József Bánffy, the descendant of Dénes Bánffy, decided the demolition of the gate tower in the 1820s, uniting the Renaissance courtyard with the Baroque one, and from the resulting stone a water mill was built for the villagers in Bonțida. During the same period, modifications to some of the building’s façades in a Classicist style reflect the rising popularity of English Romanticism. In 1850, the building's western wing was modified under the direction of architect Anton Kagerbauer (1814–1872), following the park's landscaping after the English Romanticism model. Portions of the main building together with the former kitchen building have been renovated following the Neo-Gothic style.

Count Miklós Bánffy, the next owner of Bánffy Castle - ceded from the Duke of Coburg, undertook renovation of the western wing. In the 1930s, he simplified the architecture of the upper storey of the loggia attached to the castle’s western wing, which had previously featured intricate tracery, based on his own designs and of his friend, architect Károly Kós.

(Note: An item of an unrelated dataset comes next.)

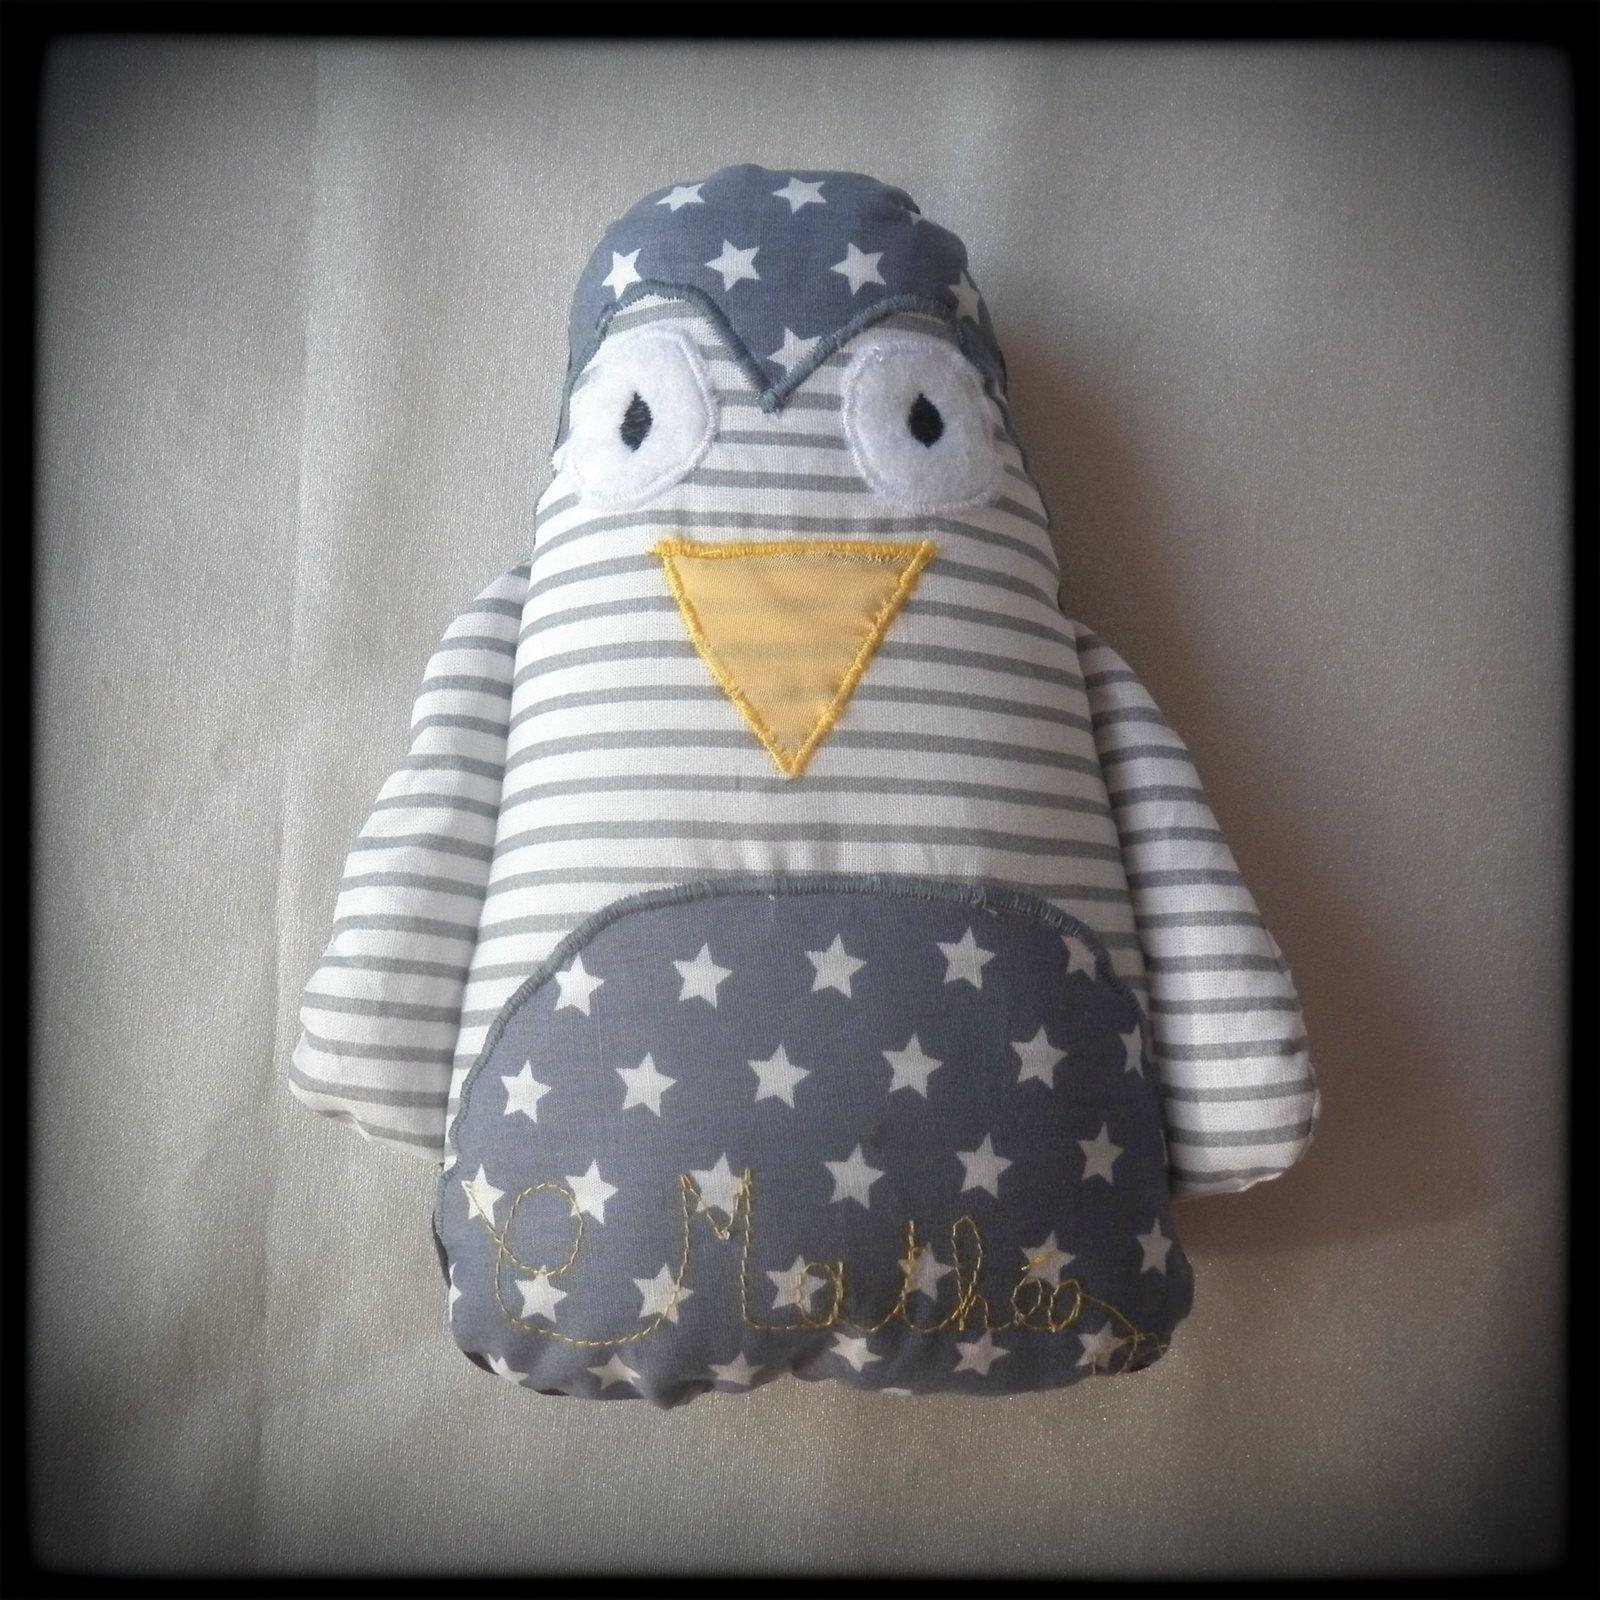 Le doudou pingouin de Mathéo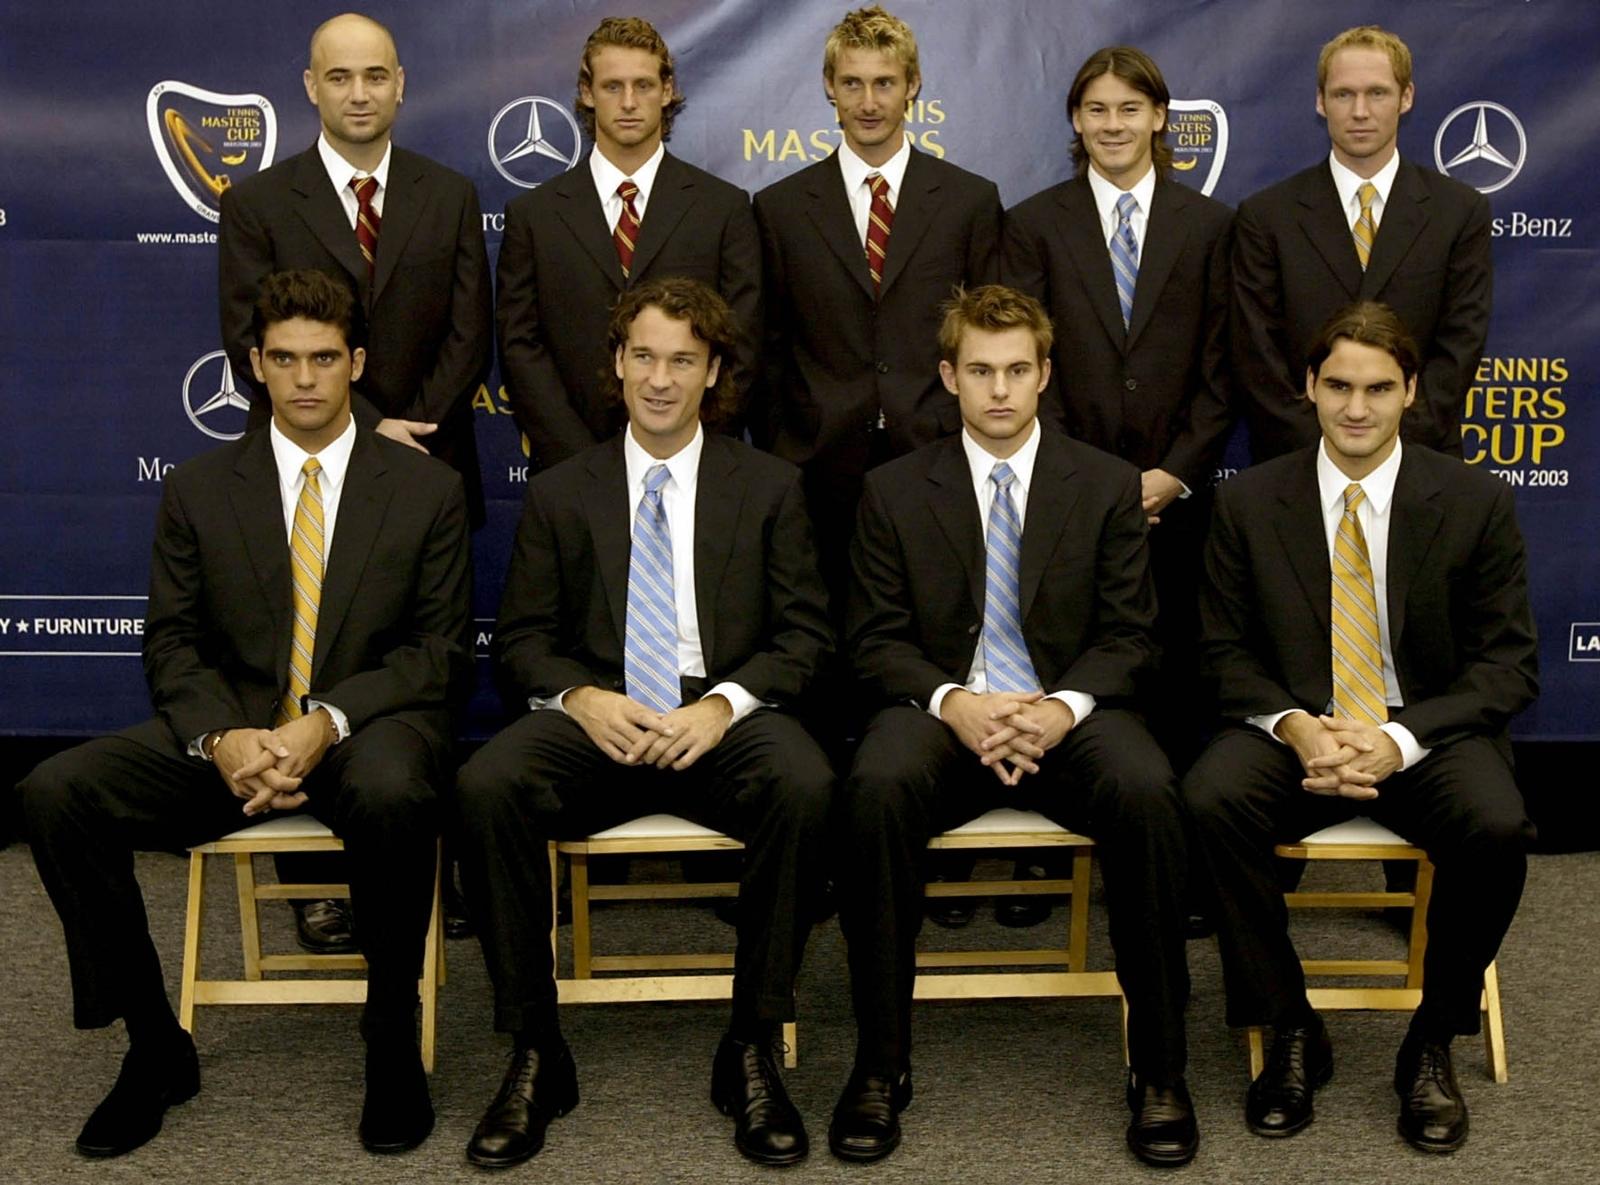 Roger Federer and Rainer Schuettler

In 1944, the castle was transformed into a field hospital. German troops plundered and devastated the castle, as retaliation against the political attitude of its owner, count Miklós Bánffy, who had initiated negotiations between the governments of Romania and Hungary for the return of weapons to be used against Germany. Thus, the furniture, the library and the gallery of paintings were destroyed.

During the communist regime, the whole building was used as a driving school, cooperative farm and hospital for children. In 1963, Bánffy Castle was used as decor for filming Pădurea spânzuraților, directed by Liviu Ciulei. The film had a short scene with fire, so scenographers lit one of the buildings, causing massive damage to the building.

In 1990, the castle was declared a historic monument.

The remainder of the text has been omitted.